Milkaer dejó la bandeja en la mesa. Contempló con detenimiento el dibujo que había hecho su hija y después miró a sus amigos.
—¿Nitya y Grunontal son gemelas como Llanos y Marta? —se preguntó.
—Puede ser, aunque no entiendo por qué una de ellas es incompleta —respondió Keilan levantándose de su silla para acercarse hasta la bandeja y tomar un sorbo de alas angelicales.
Inmediatamente la expresión de su rostro se transformó y adquirió un brillo inusual.
—Lo único que sabemos es que Grunontal es tan poderosa como Larma. ¿Es posible que Nitya sea la que lidere a los demonios? —reflexionó Milkaer unos instantes.
—Lo que sí sabemos es que Grunontal no los lidera —respondió Keilan—. Y que ambas tienen más cosas en común entre ellas que con Larma.
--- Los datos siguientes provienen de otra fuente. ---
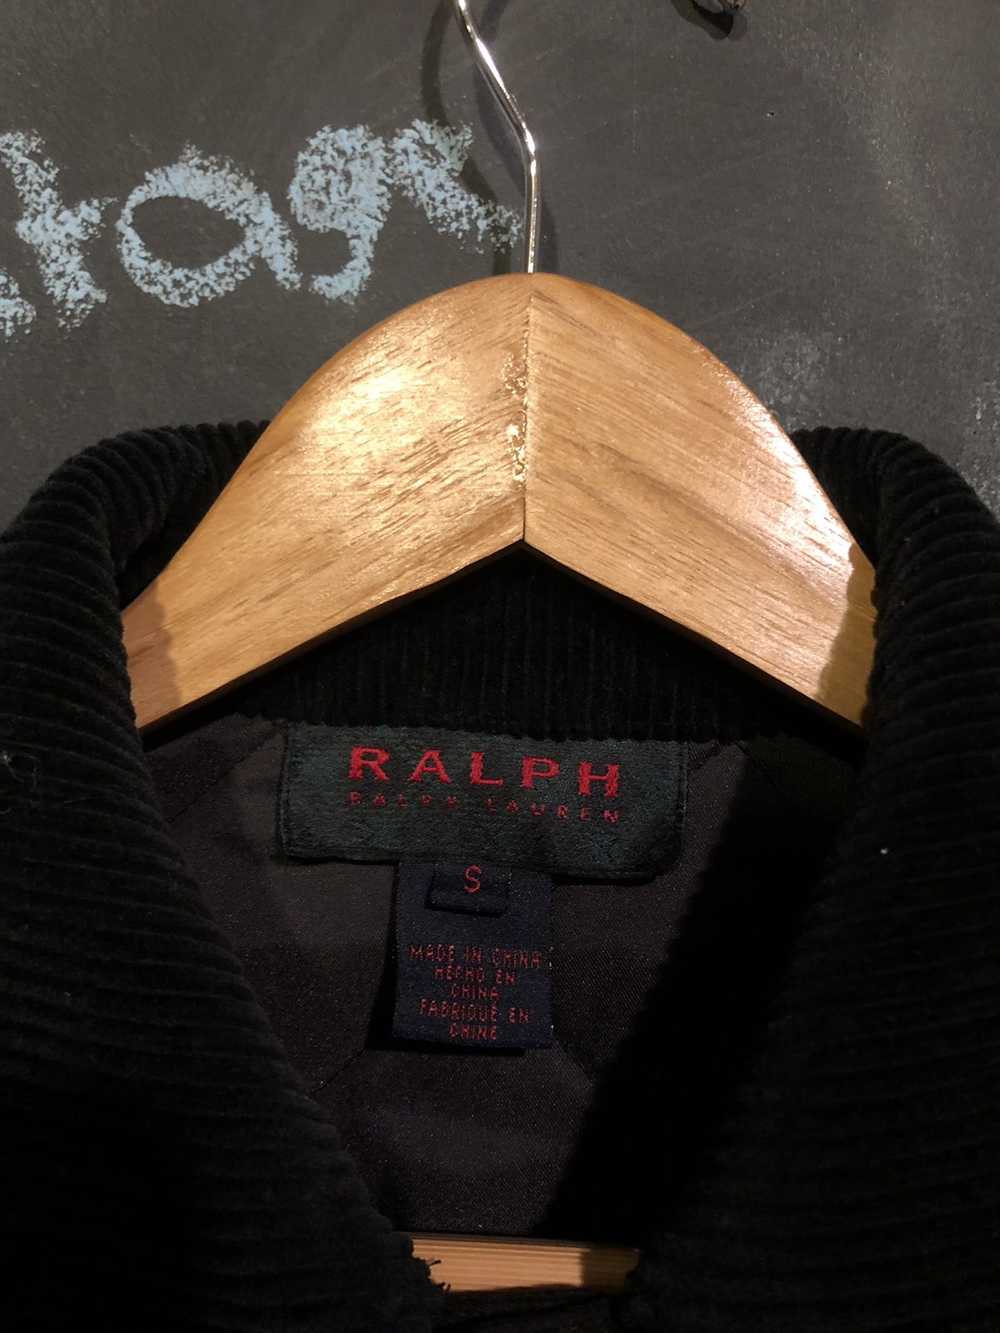 Polo Ralph Lauren Polo Ralph Lauren Quilted Jacket - image 3

—Si Nitya y Grunontal tienen un poder muy similar y suponiendo que Nitya no sea indestructible ni inmortal, ¿para qué necesita exactamente a María? —preguntó Yunil.
Keilan tragó saliva, apretó los puños y se encogió de hombros.
—No lo sé. Puede ser que la historia de Milkaer sea cierta…
—Entonces —se dijo Milkaer, asombrado, porque nunca había dado mucho crédito a las historias de los más antiguos—, ¿los cuentos que escuchaba cuando era pequeño eran ciertos? Existe esa mujer que busca un ángel para vivir eternamente… Necesita la sangre de María…
—¿Ya habéis terminado? —preguntó Marta como si aún no fuera muy consciente de la gravedad de la situación.
Keilan apartó la taza con desgana.
—Sí.
—¿Nos podemos marchar ya o seguimos buscando más datos? —insistió Marta.
—Antes de salir, deberías…
—Ya tengo mi arco y mis flechas preparadas, papá —dijo Marta interrumpiendo a Milkaer—. Están en la puerta de la entrada. —Se acercó hasta la entrada y cogió una flecha de plata que brilló con intensidad en esa mañana triste y cenicienta—. Las he cargado como tú me enseñaste: sal gema y azufre.
—¿Estás preparada, pequeña? —le preguntó Milkaer.
—Sí —contestó la niña sin temor—, estoy preparada para buscarlas.
Milkaer asintió. Fue el primero en salir a la calle, seguido de Keilan, Yunil y de Marta, y desde allí pusieron rumbo de nuevo a la otra parte del río.